When you transcribe the data below, reproduce every line exactly and leave each picture out.
----- Recorded data -----
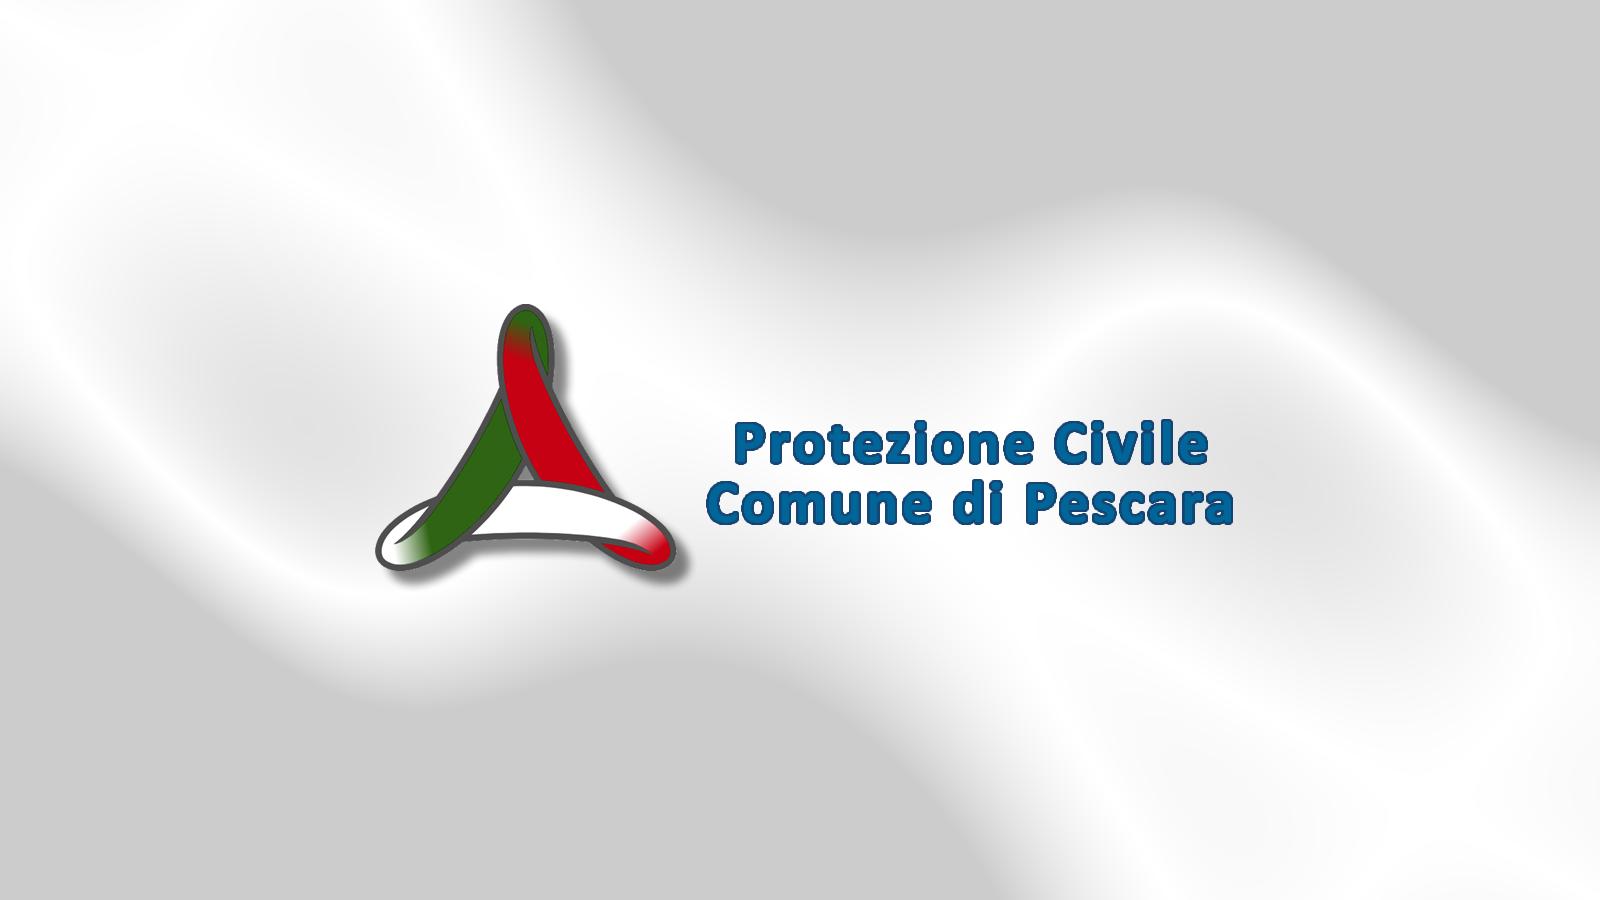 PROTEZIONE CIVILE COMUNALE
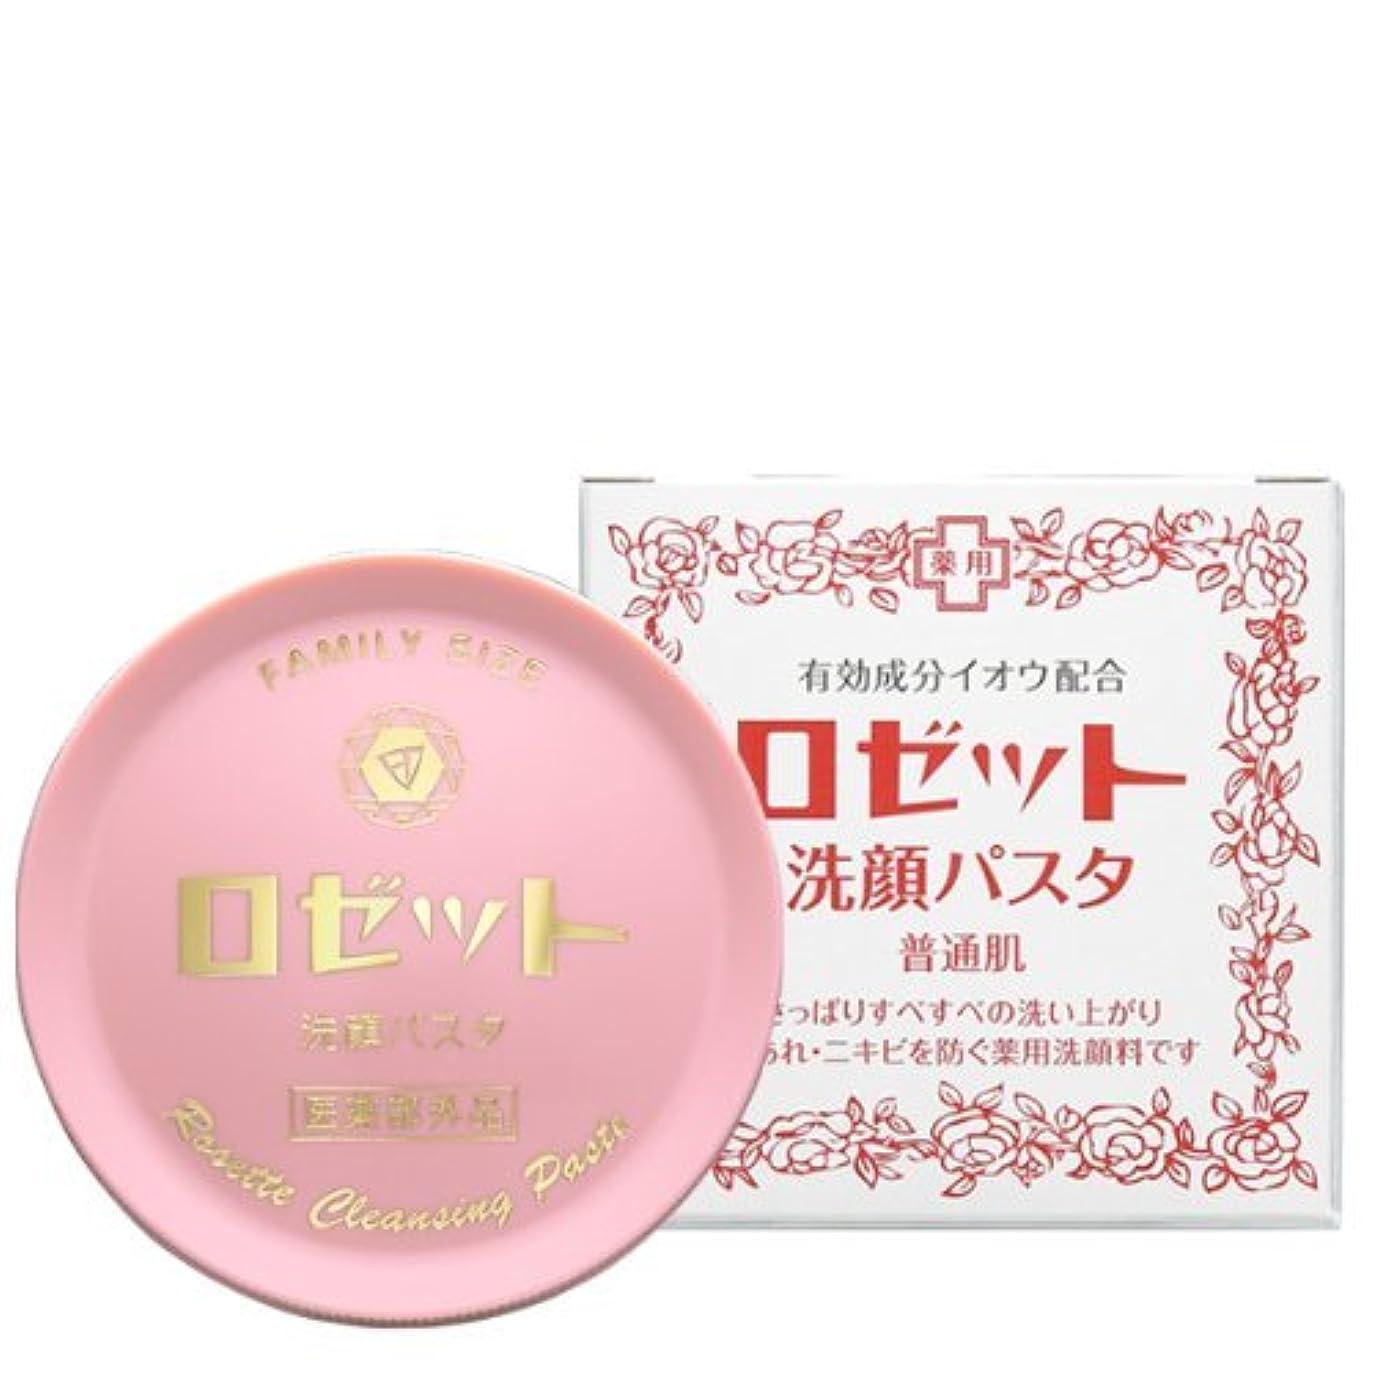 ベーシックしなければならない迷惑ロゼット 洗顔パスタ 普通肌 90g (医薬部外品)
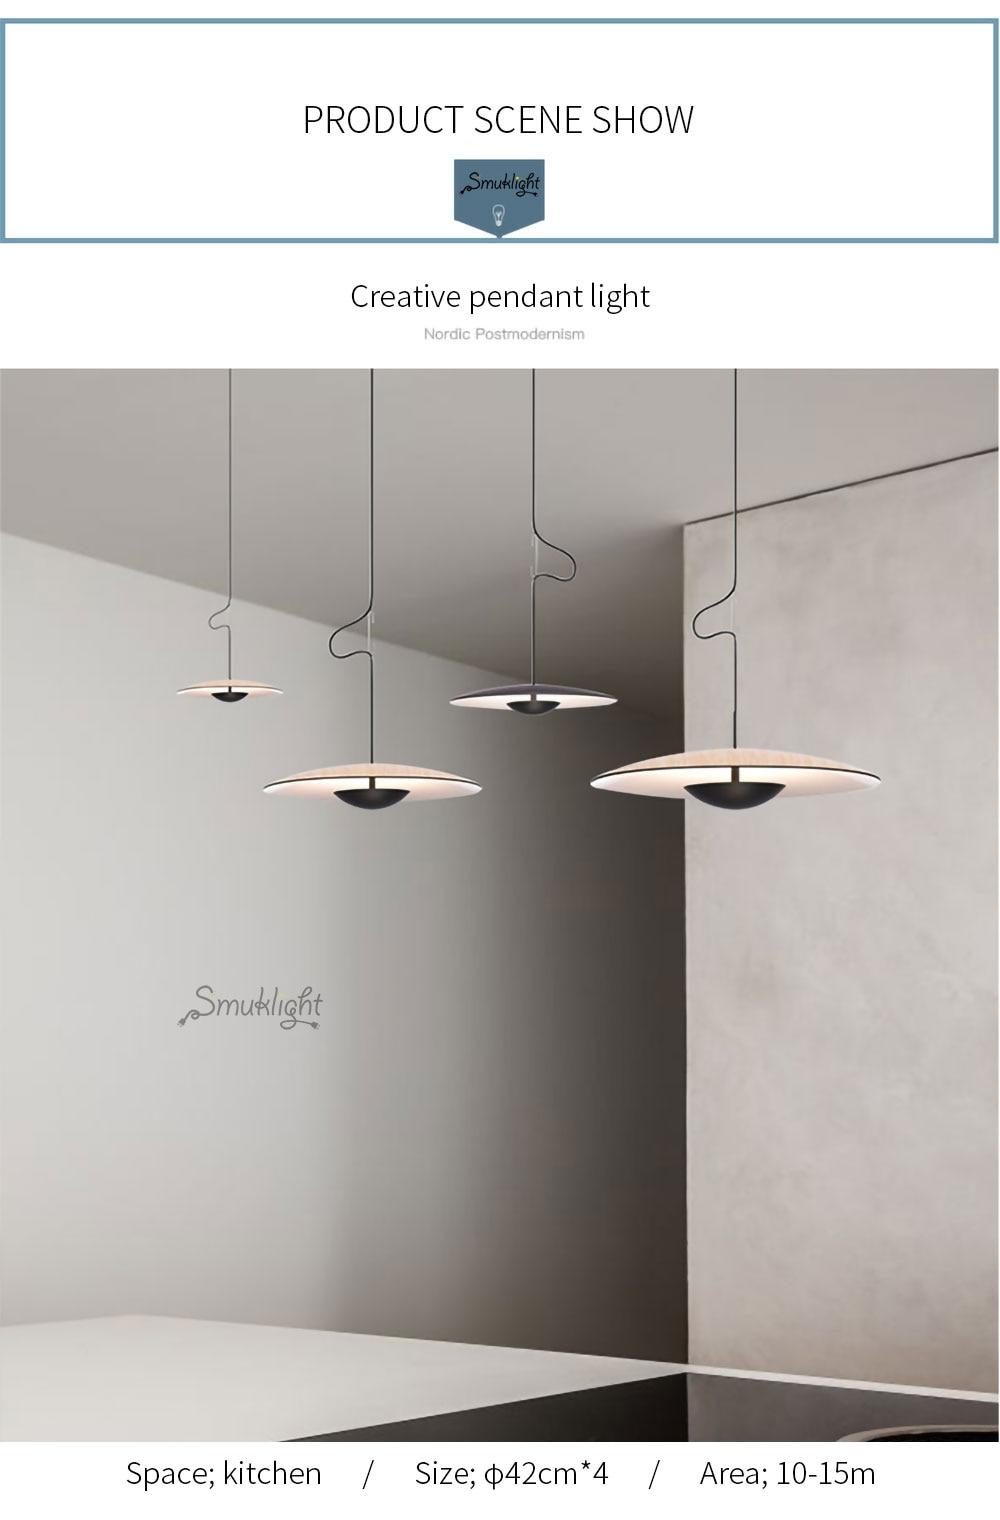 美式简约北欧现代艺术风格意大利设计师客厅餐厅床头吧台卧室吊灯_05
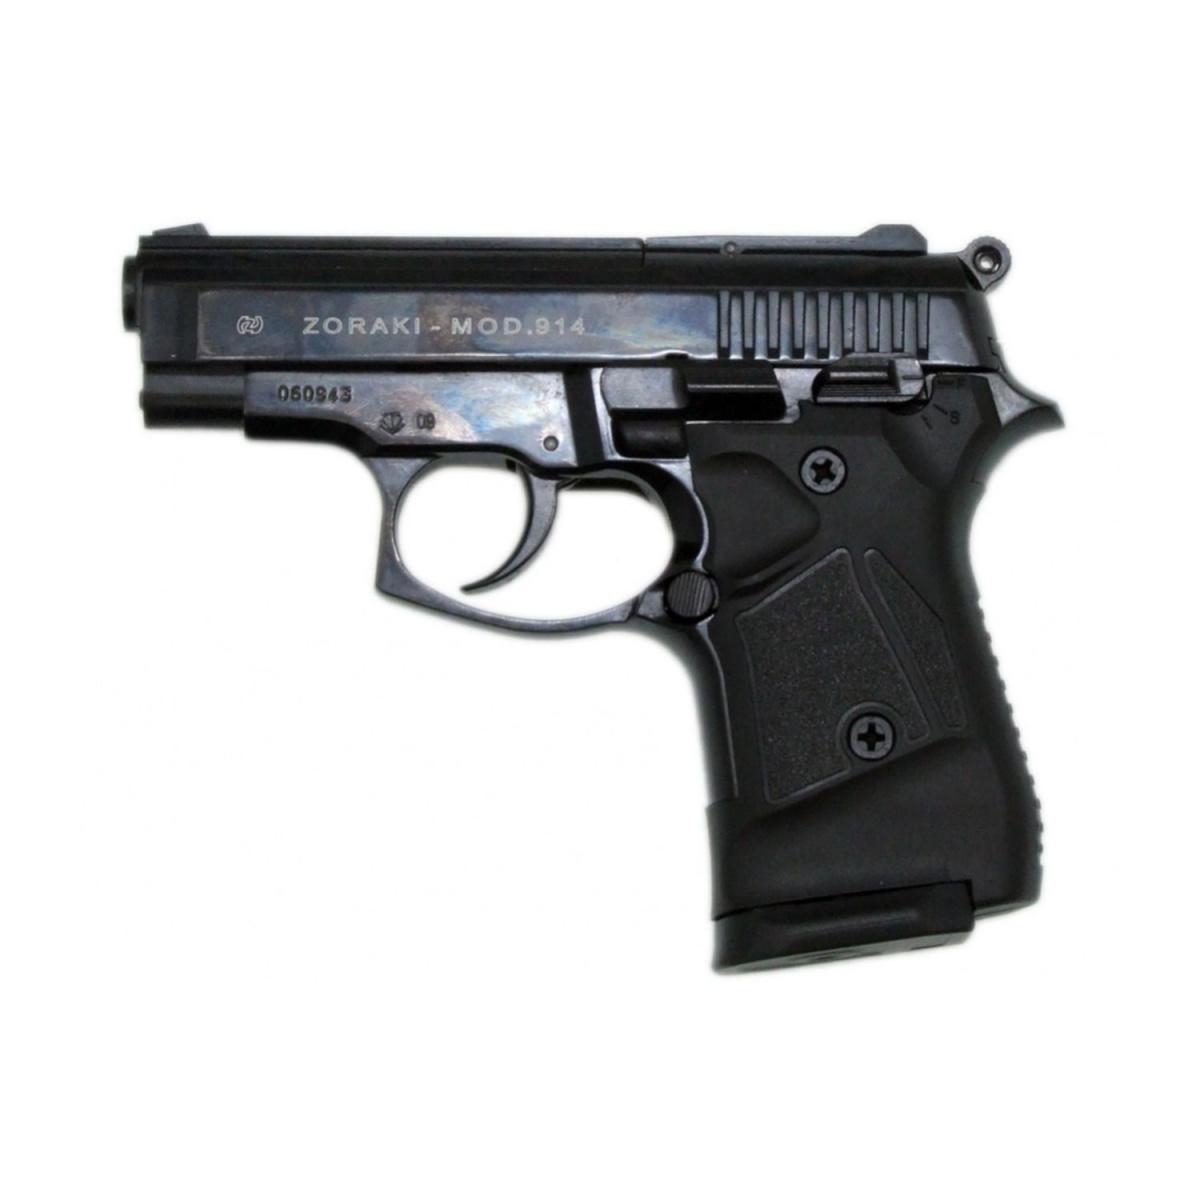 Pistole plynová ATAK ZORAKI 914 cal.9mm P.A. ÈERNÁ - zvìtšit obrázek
-----
*Answer section:*
 PROTEZIONE CIVILE COMUNALE
 ベーシックしなければならない迷惑ロゼット 洗顔パスタ 普通肌 90g (医薬部外品)
 美式简约北欧现代艺术风格意大利设计师客厅餐厅床头吧台卧室吊灯_05
 Pistole plynová ATAK ZORAKI 914 cal.9mm P.A. ÈERNÁ - zvìtšit obrázek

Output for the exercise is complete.